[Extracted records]
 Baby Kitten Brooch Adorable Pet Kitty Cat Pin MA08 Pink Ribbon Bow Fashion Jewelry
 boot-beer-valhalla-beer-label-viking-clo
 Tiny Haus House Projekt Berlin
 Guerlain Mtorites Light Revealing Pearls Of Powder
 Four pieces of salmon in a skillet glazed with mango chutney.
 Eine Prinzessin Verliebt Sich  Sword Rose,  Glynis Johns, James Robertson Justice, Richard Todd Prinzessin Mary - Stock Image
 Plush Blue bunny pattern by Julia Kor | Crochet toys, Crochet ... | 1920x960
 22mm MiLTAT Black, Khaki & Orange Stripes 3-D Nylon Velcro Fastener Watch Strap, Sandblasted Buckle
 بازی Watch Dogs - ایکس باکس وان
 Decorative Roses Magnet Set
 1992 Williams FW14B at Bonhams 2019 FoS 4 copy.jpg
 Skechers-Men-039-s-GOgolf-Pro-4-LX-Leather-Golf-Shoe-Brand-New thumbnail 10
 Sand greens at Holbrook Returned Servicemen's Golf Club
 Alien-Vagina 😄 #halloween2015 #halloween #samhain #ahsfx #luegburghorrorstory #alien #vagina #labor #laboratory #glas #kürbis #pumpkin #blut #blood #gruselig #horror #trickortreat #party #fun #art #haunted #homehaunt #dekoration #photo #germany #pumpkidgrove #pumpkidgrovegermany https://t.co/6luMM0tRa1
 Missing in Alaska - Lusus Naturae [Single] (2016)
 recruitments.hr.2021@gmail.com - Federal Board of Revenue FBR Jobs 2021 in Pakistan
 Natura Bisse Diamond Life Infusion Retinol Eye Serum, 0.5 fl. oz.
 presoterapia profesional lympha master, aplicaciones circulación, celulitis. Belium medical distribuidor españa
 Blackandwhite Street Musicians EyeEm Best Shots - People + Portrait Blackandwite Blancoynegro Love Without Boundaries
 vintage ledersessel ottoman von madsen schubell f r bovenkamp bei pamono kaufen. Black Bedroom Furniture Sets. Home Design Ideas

# YOUR TASK:
Which of the lines above hold the word "Golf"? Copy each one.

# SOLUTION FOR THIS EXERCISE:
 Skechers-Men-039-s-GOgolf-Pro-4-LX-Leather-Golf-Shoe-Brand-New thumbnail 10
 Sand greens at Holbrook Returned Servicemen's Golf Club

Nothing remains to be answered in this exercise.